▸ **Records to use**

========

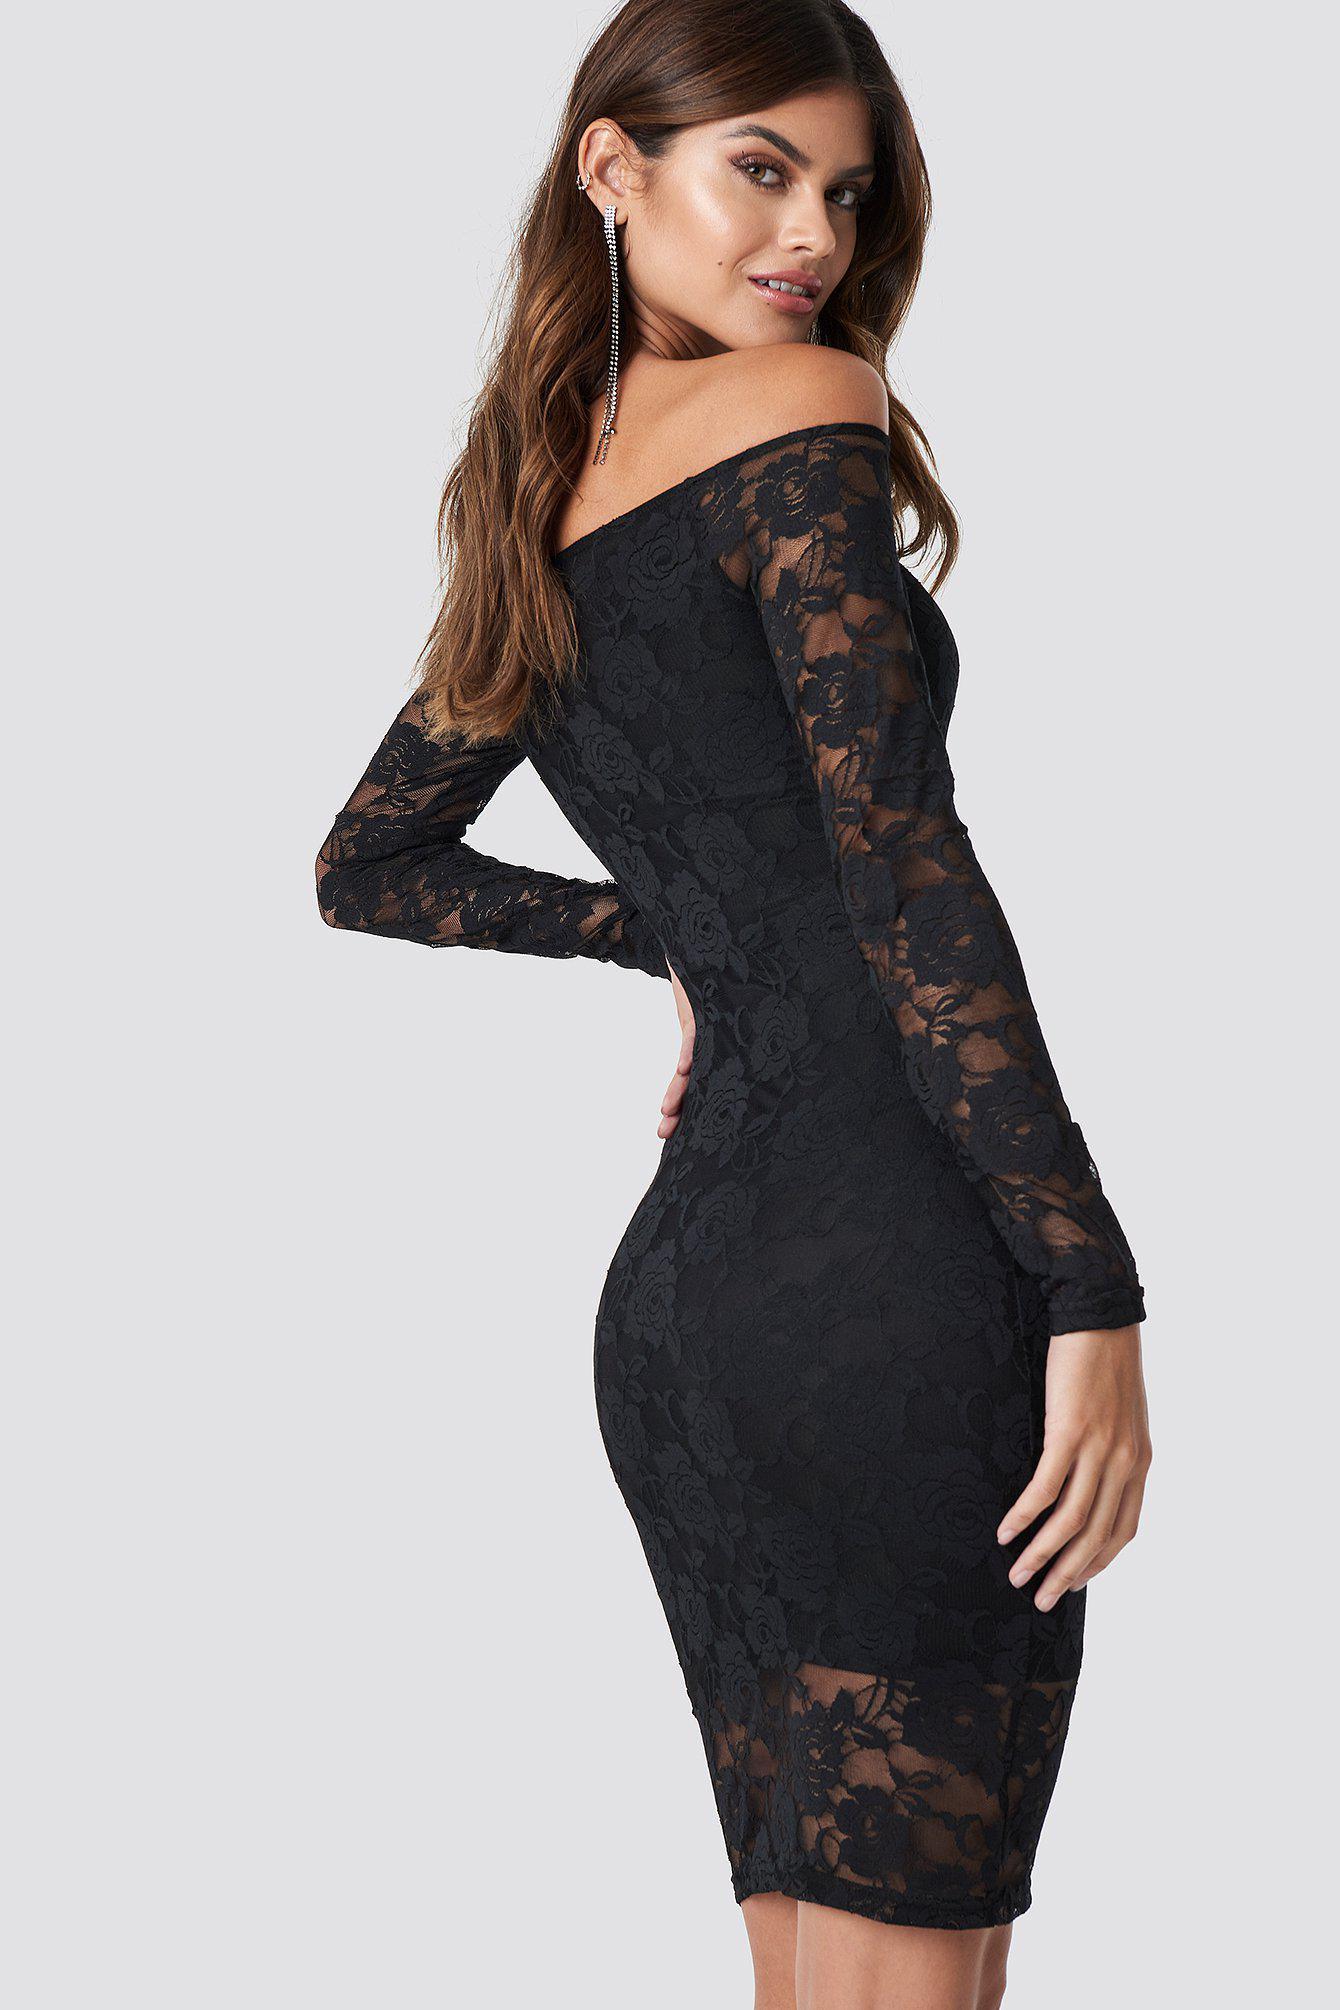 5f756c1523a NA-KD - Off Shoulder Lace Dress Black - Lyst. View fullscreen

========

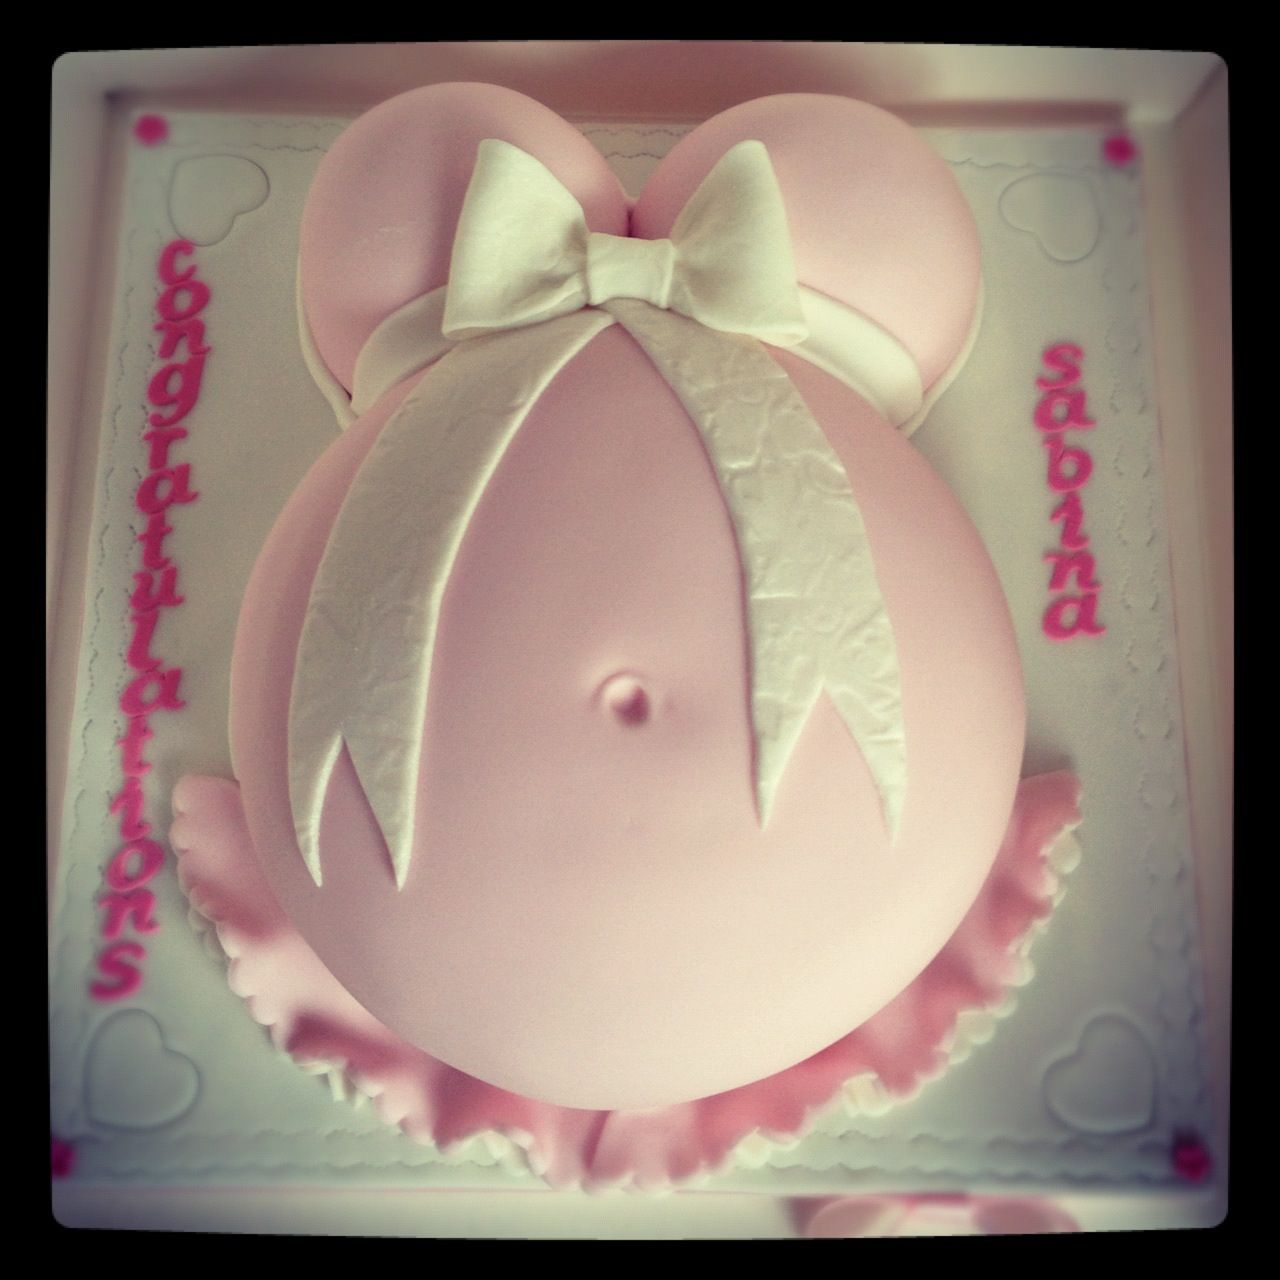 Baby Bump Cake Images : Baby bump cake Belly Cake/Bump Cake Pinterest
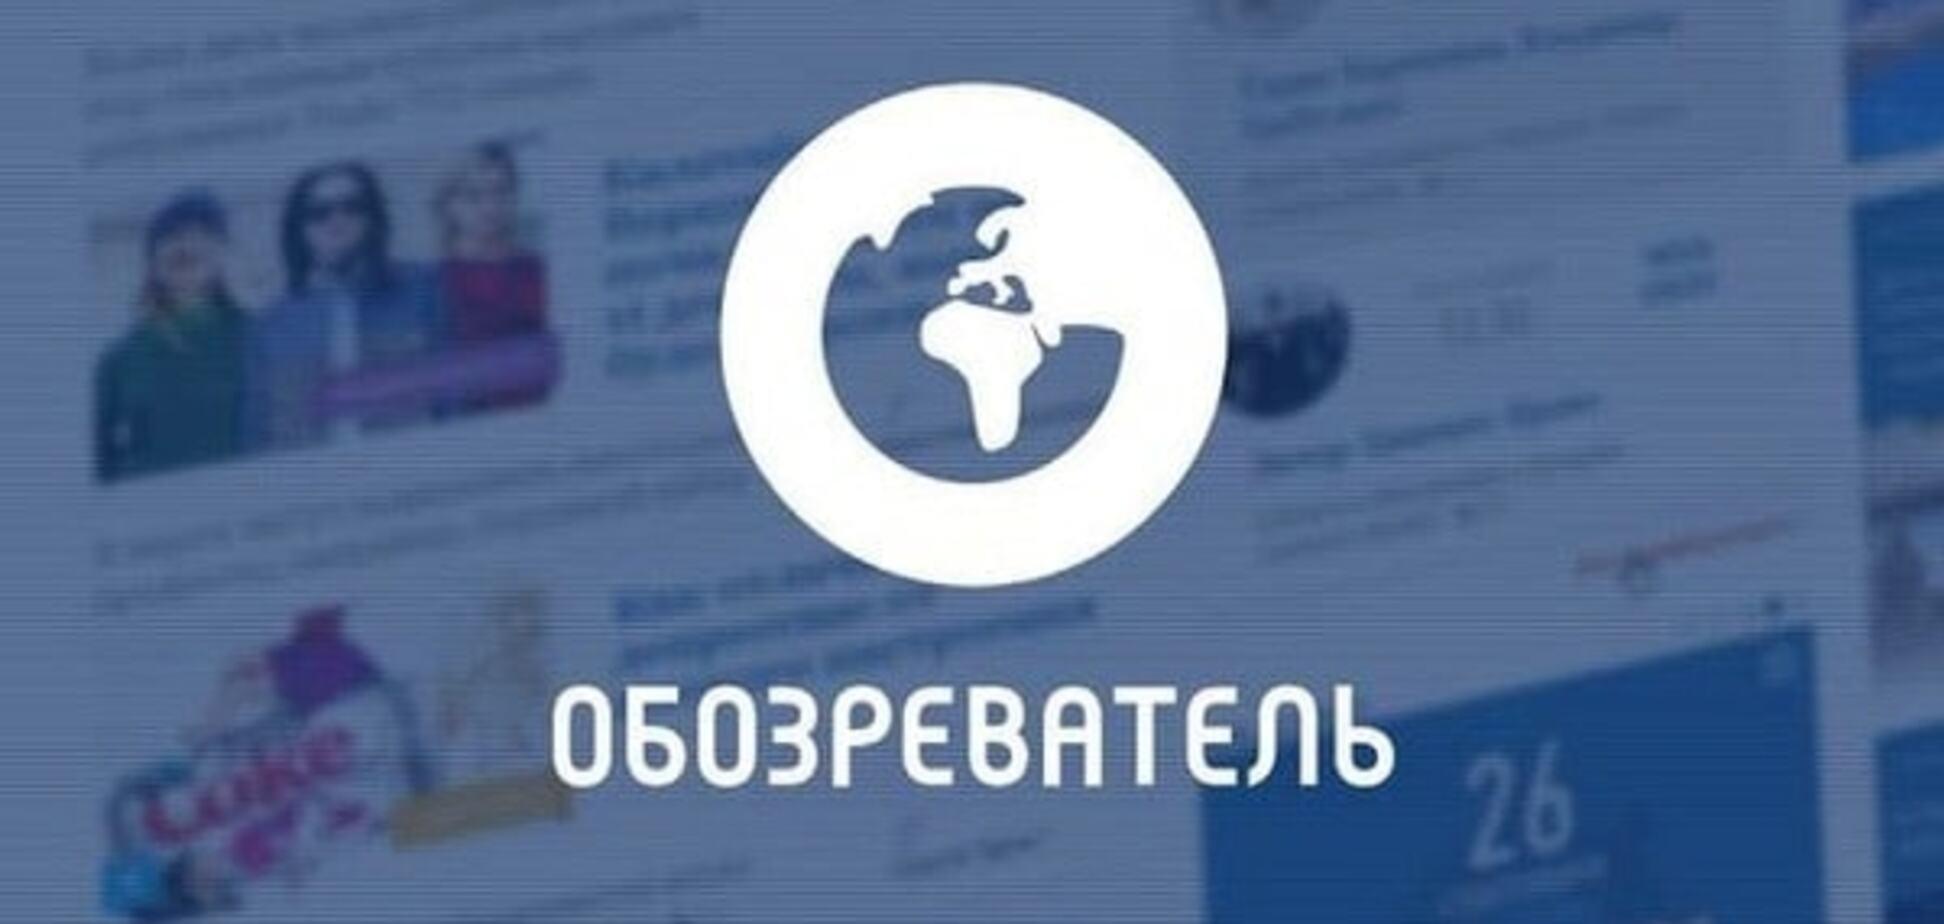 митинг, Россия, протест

========

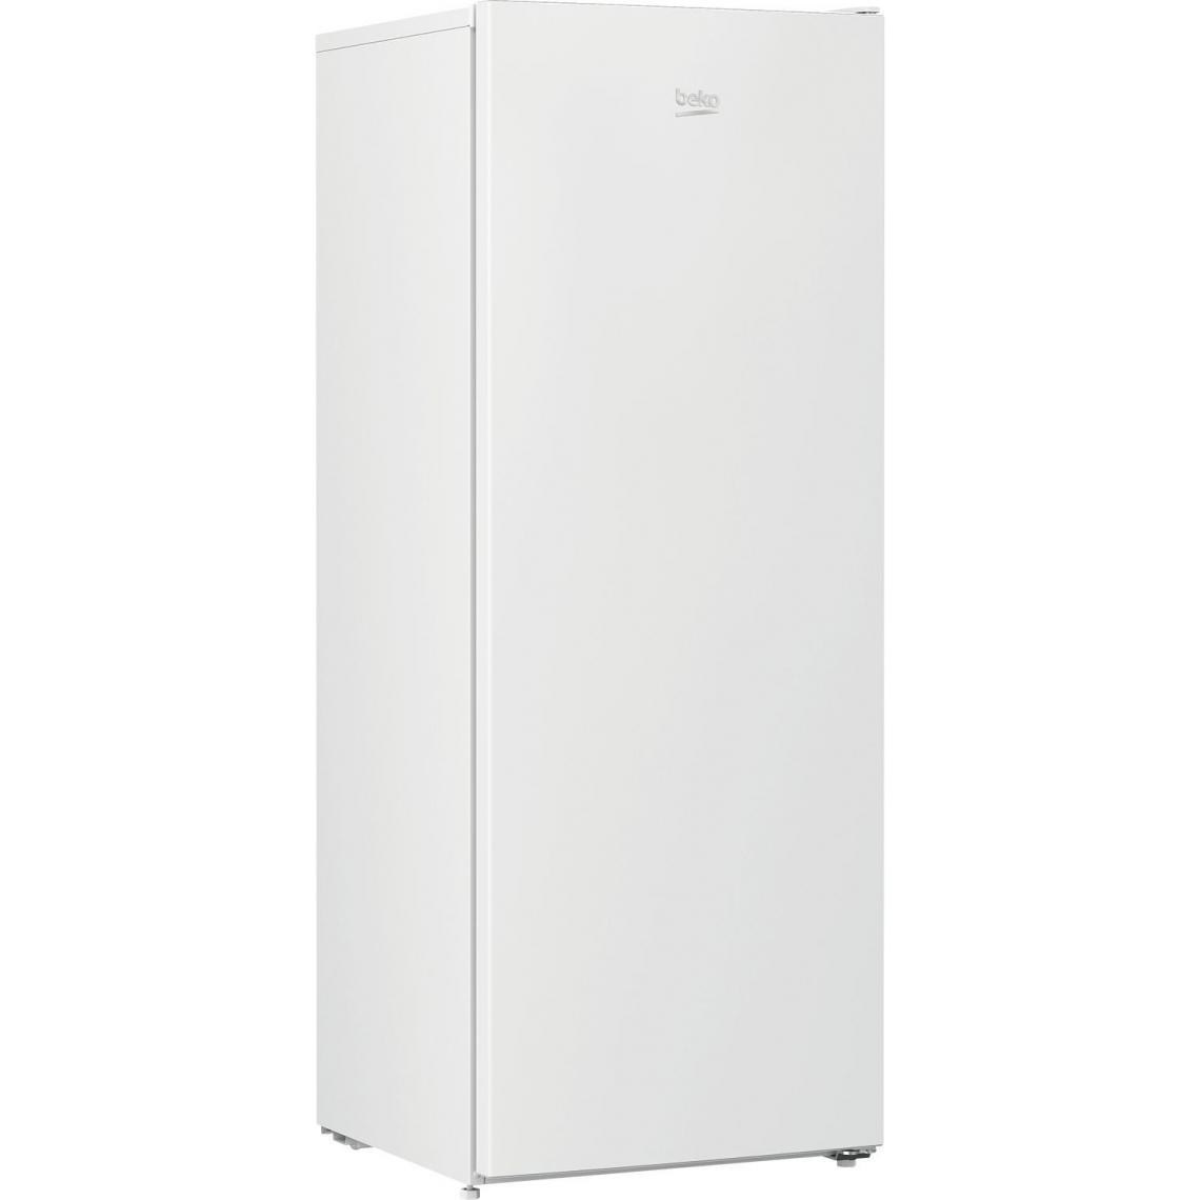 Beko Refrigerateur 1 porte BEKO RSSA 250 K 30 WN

========

▸ **Try it**
Repeat, without pictures, exactly the lines of the data above from the one containing "Baby Bump Cake Images" through the one containing "митинг, Россия, протест", including both and adding nothing.

▸ **Reply**
 Baby Bump Cake Images : Baby bump cake Belly Cake/Bump Cake Pinterest
 митинг, Россия, протест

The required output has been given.